TASK PROMPT
Only text lines belong in the answer: the lines from the first one in the records through the line with "シチリアこれまでストレッチナビジョン NAVISION ラッピングバーム", copied exactly.

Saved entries
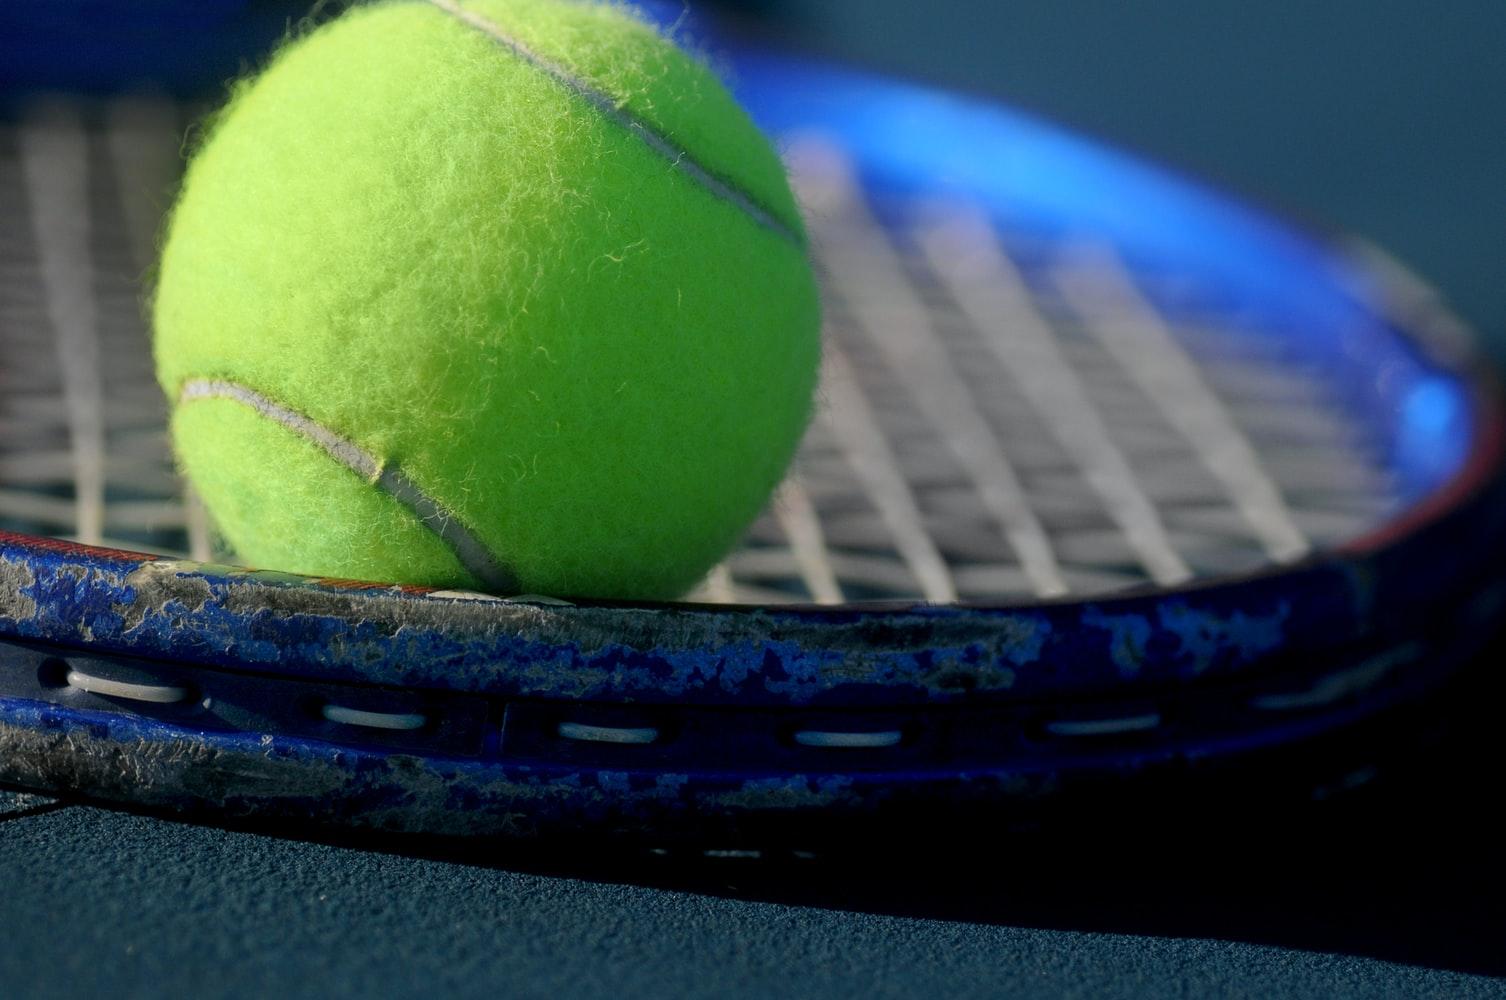 La pratique du tennis en simple est maintenant possible,
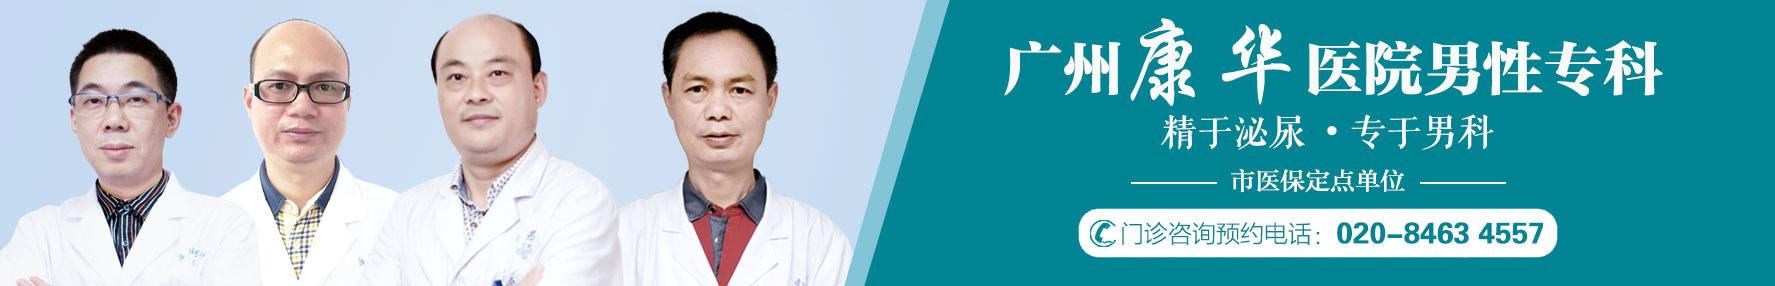 广州康华医院在线预约咨询平台
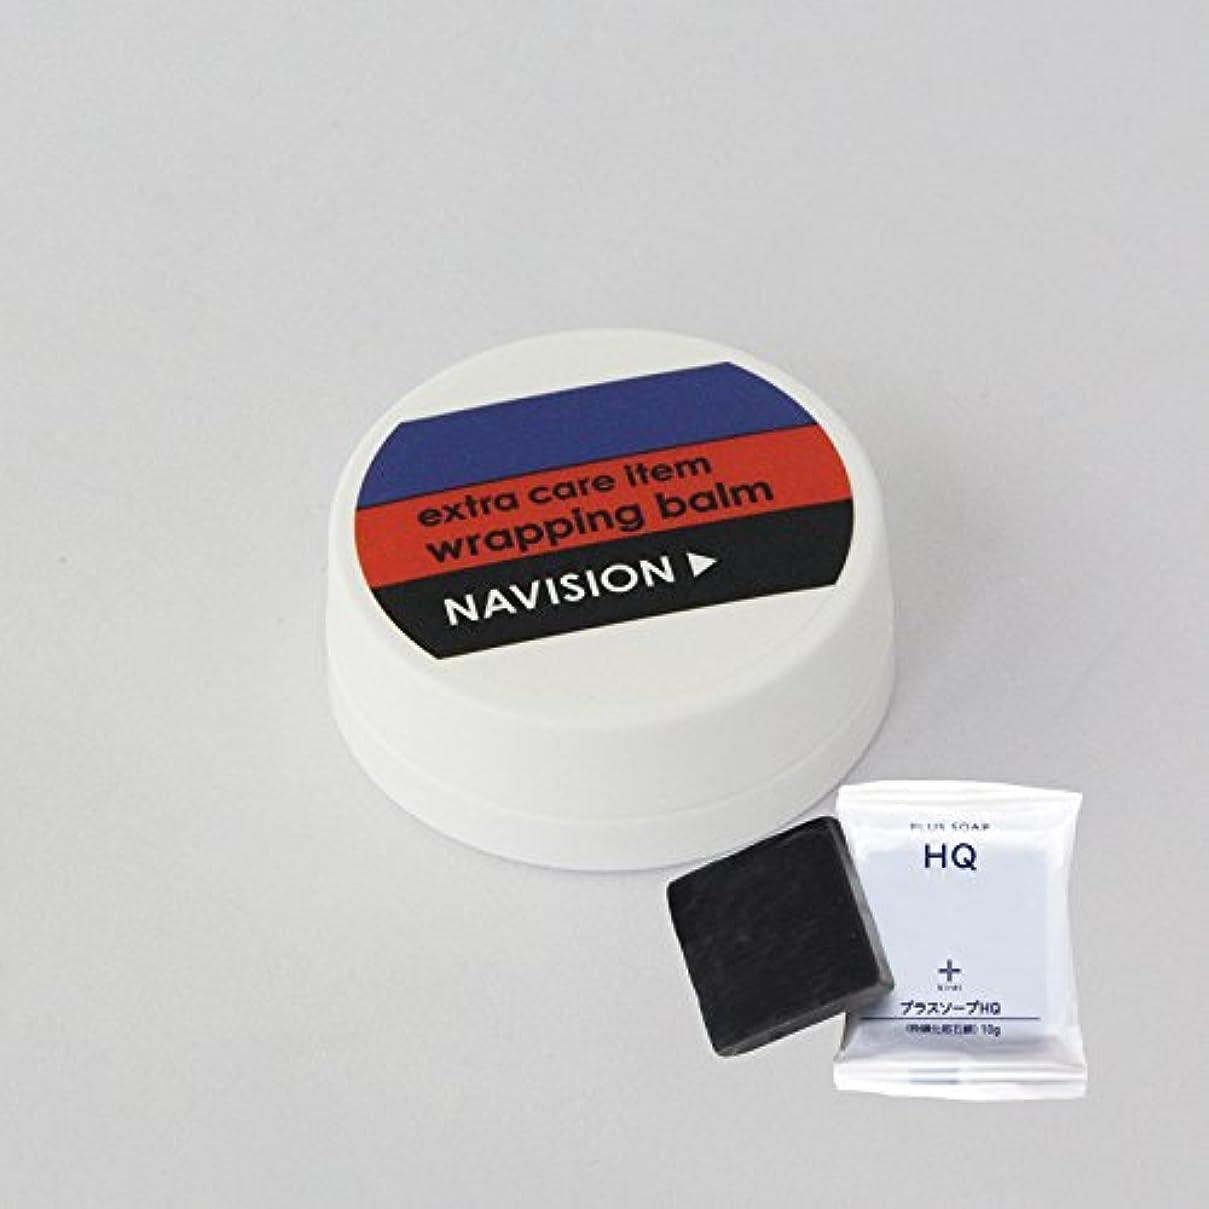 シチリアこれまでストレッチナビジョン NAVISION ラッピングバーム 5g + プラスキレイ プラスソープHQミニ
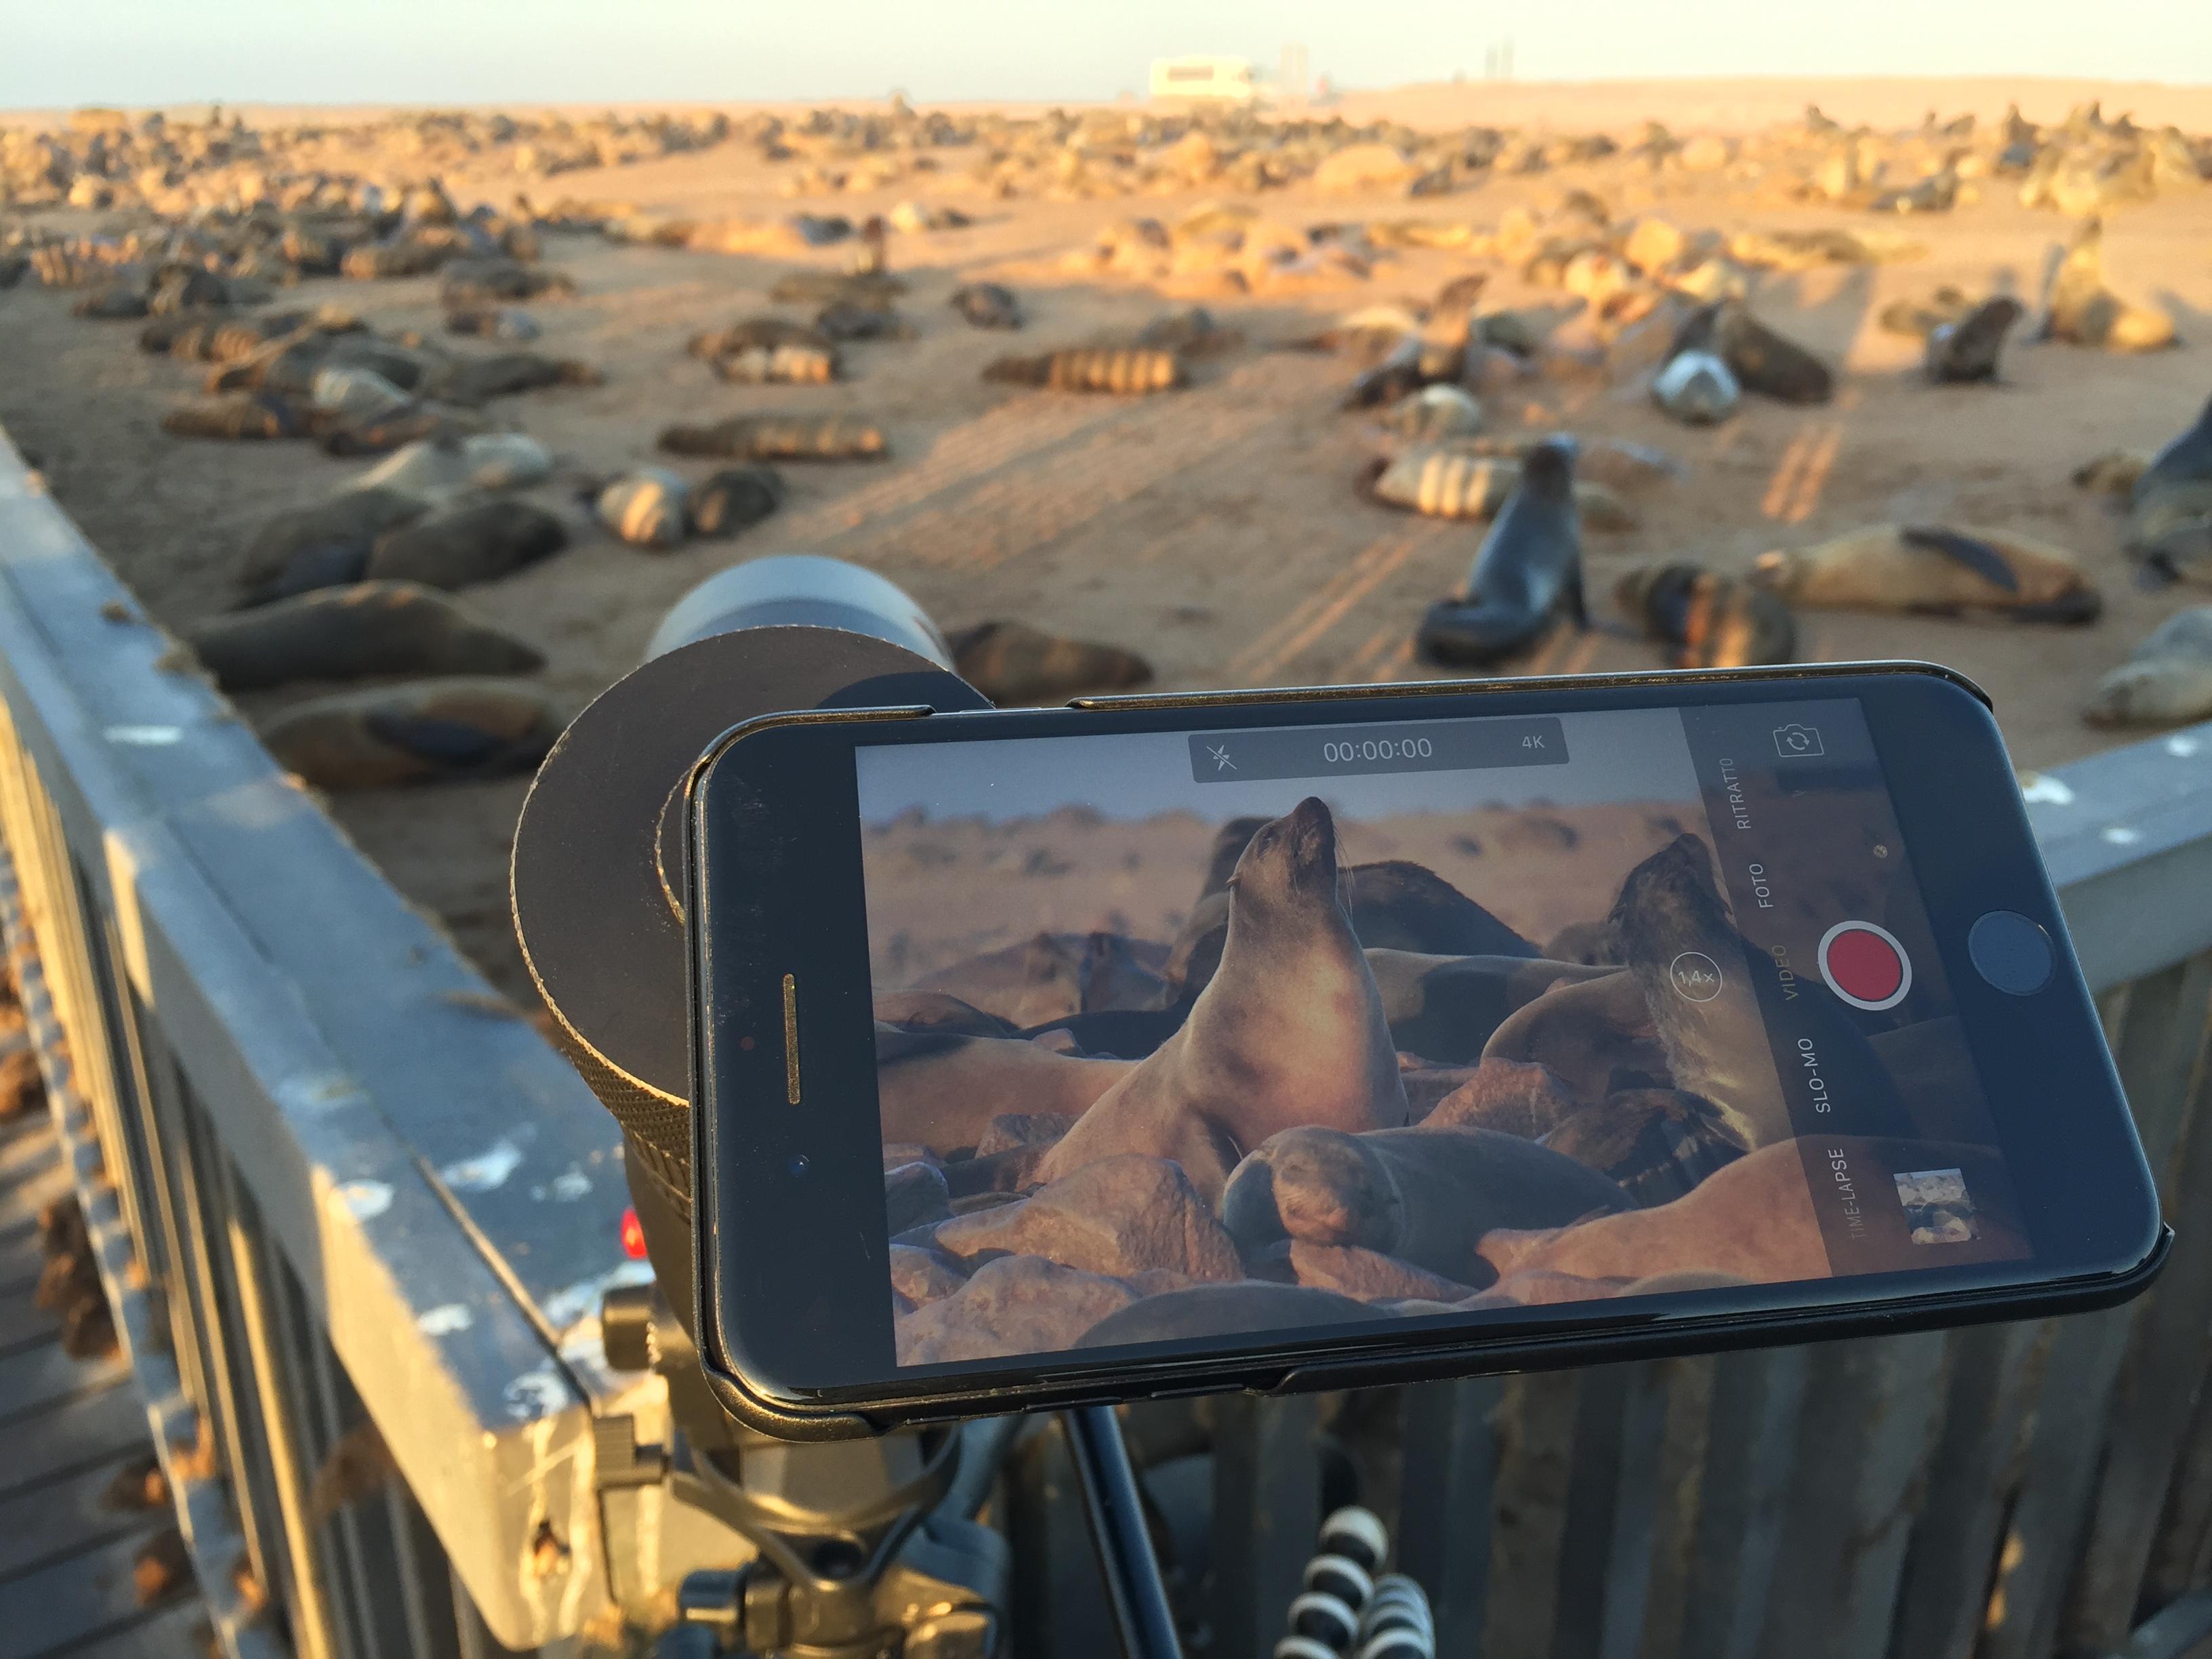 Leica APO Televid 82mm con l'aggancio per cellulare montato e quello che si può vedere nell'inquadratura mentre filmavo le otarie ursine del Capo nella colonia di Cape Cross, Namibia. Sistema adattatore Leica per smartphone. Permette di collegare il proprio telefono con il cannocchiale Apo Televid per video e fotografie incredibili.
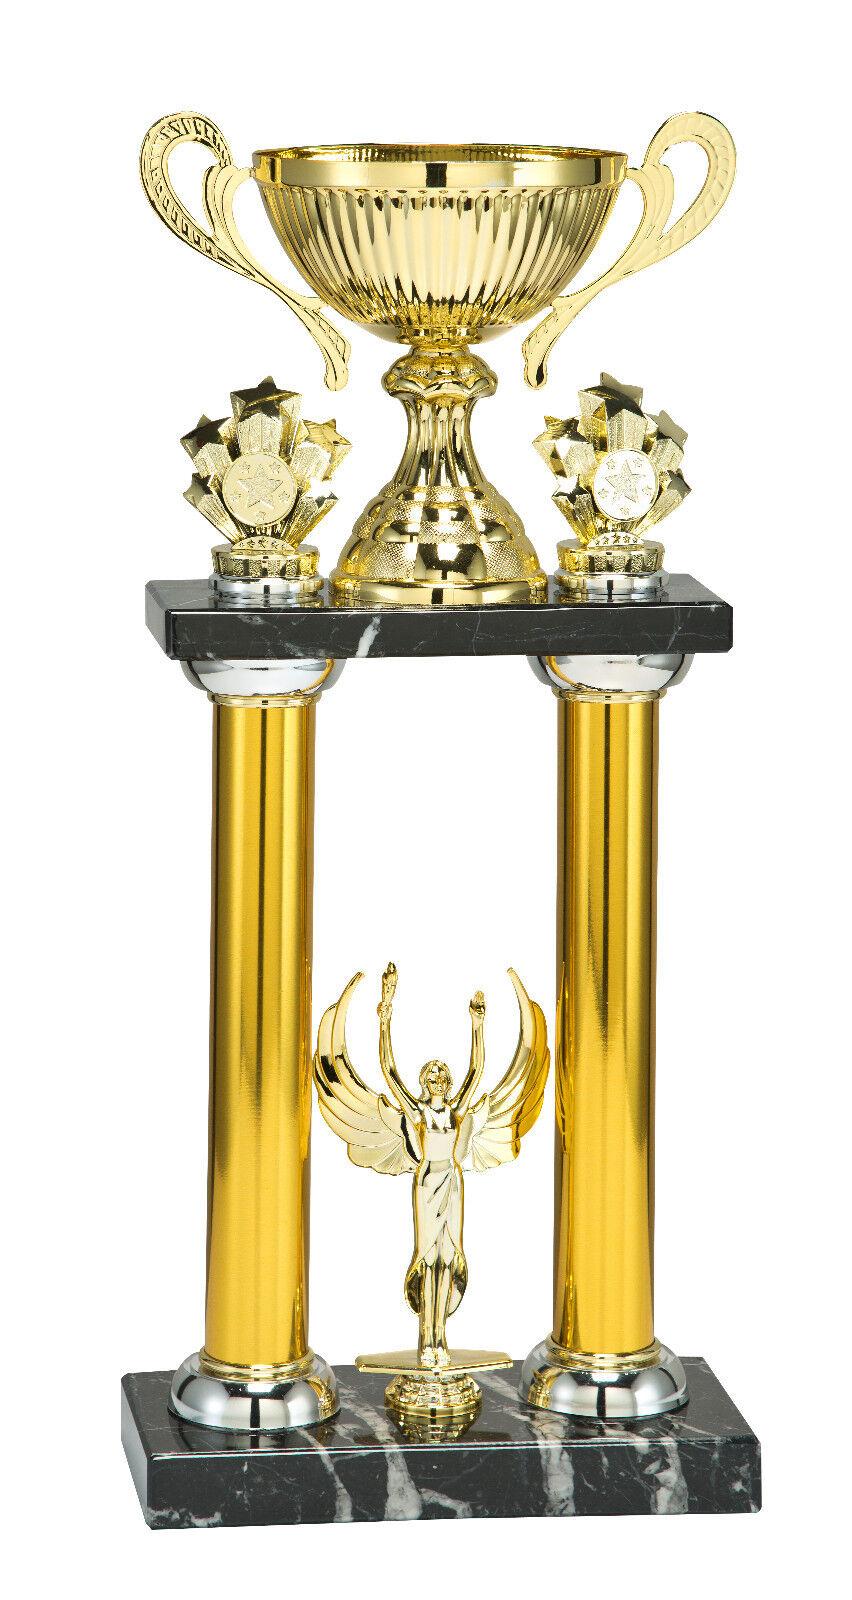 COPPA Trofeo D'oro 465mm GRANDE  Incisione Gratis  3 grandi dimensioni Award Presentazione

EXERCISE ANSWER
 La pratique du tennis en simple est maintenant possible,
 广州康华医院在线预约咨询平台
 シチリアこれまでストレッチナビジョン NAVISION ラッピングバーム 5g + プラスキレイ プラスソープHQミニ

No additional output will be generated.